In a preferred embodiment of the present invention, the fibers and textiles are finished both with hydrophobic unencapsulated active components and with other encapsulated active components using the binders mentioned. In this way, the advantages of both action mechanisms are combined and their disadvantages neutralized. The unencapsulated active components act directly, i.e. during the first wearing, and provide the consumer with the desired wellness effect, but undergo a rapid reduction in content after the tenth wash cycle whereas the microencapsulated active components only then begin to release their active principles, particularly when highly resistant capsule systems are used.
“Microcapsules” or “nanocapsules” are understood by the expert to be spherical aggregates with a diameter of about 0.0001 to about 5 mm and preferably 0.005 to 0.5 mm which contain at least one solid or liquid core surrounded by at least one continuous membrane. More precisely, they are finely dispersed liquid or solid phases coated with film-forming polymers, in the production of which the polymers are deposited onto the material to be encapsulated after emulsification and coacervation or interfacial polymerization. In another process, molten waxes are absorbed in a matrix (“microsponge”) which, as microparticles, may be additionally coated with film-forming polymers. In a third process, particles are alternately coated with polyelectrolytes having different charges (layer-by-layer process) The microscopically small capsules can be dried in the same way as powders. Besides single-core microcapsules, there are also multiple-core aggregates, also known as microspheres, which contain two or more cores distributed in the continuous membrane material. In addition, single-core or multiple-core microcapsules may be surrounded by an additional second, third etc. membrane. The membrane may consist of natural, semisynthetic or synthetic materials. Natural membrane materials are, for example, gum arabic, agar agar, agarose, maltodextrins, alginic acid and salts thereof, for example sodium or calcium alginate, fats and fatty acids, cetyl alcohol, collagen, chitosan, lecithins, gelatin, albumin, shellac, polysaccharides, such as starch or dextran, polypeptides, protein hydrolyzates, sucrose and waxes. Semisynthetic membrane materials are inter alia chemically modified celluloses, more particularly cellulose esters and ethers, for example cellulose acetate, ethyl cellulose, hydroxypropyl cellulose, hydroxypropyl methyl cellulose and carboxymethyl cellulose, and starch derivatives, more particularly starch ethers and esters. Synthetic membrane materials are, for example, polymers, such as polyacrylates, polyamides, polyvinyl alcohol or polyvinyl pyrrolidone.

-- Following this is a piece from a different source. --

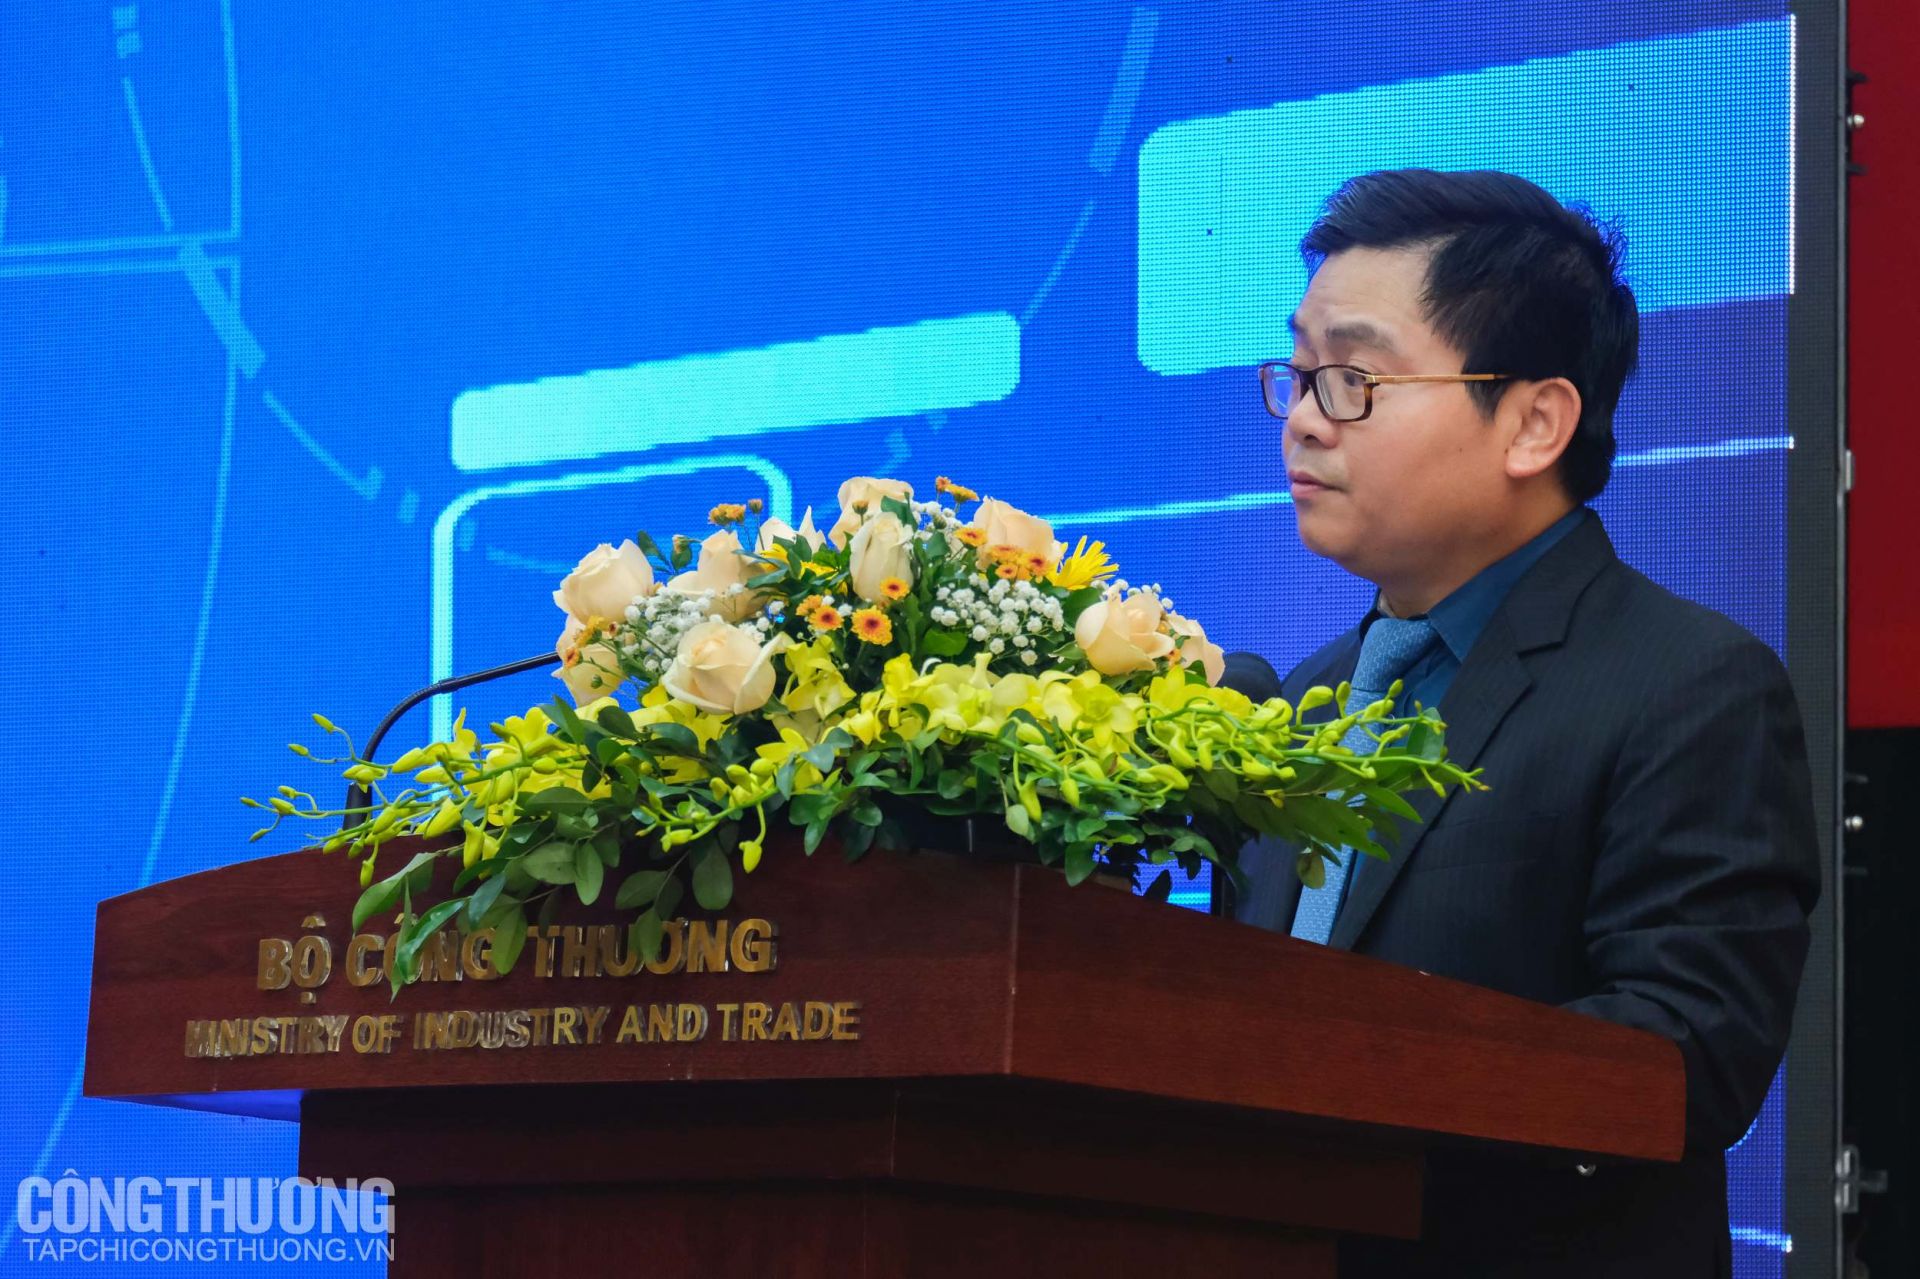 Cục trưởng Cục Công nghiệp Trương Thanh Hoài

Examples of known microcapsules are the following commercial products (the membrane material is shown in brackets) Hallcrest Microcapsules (gelatin, gum arabic), Coletica Thalaspheres (maritime collagen), Lipotec Millicapseln (alginic acid, agar agar), Induchem Unispheres (lactose, microcrystalline cellulose, hydroxypropylmethyl cellulose), Unicerin C30 (lactose, microcrystalline cellulose, hydroxypropylmethyl cellulose), Kobo Glycospheres (modified starch, fatty acid esters, phospholipids), Softspheres (modified agar agar), Kuhs Probiol Nanospheres (phospholipids), Primaspheres and Primasponges (chitosan, alginates) and Primasys (phospholipids). Chitosan microcapsules and processes for their production are the subject of earlier patent applications filed by applicants [WO 01/01926, WO 01/01927, WO 01/01928, WO 01/01929].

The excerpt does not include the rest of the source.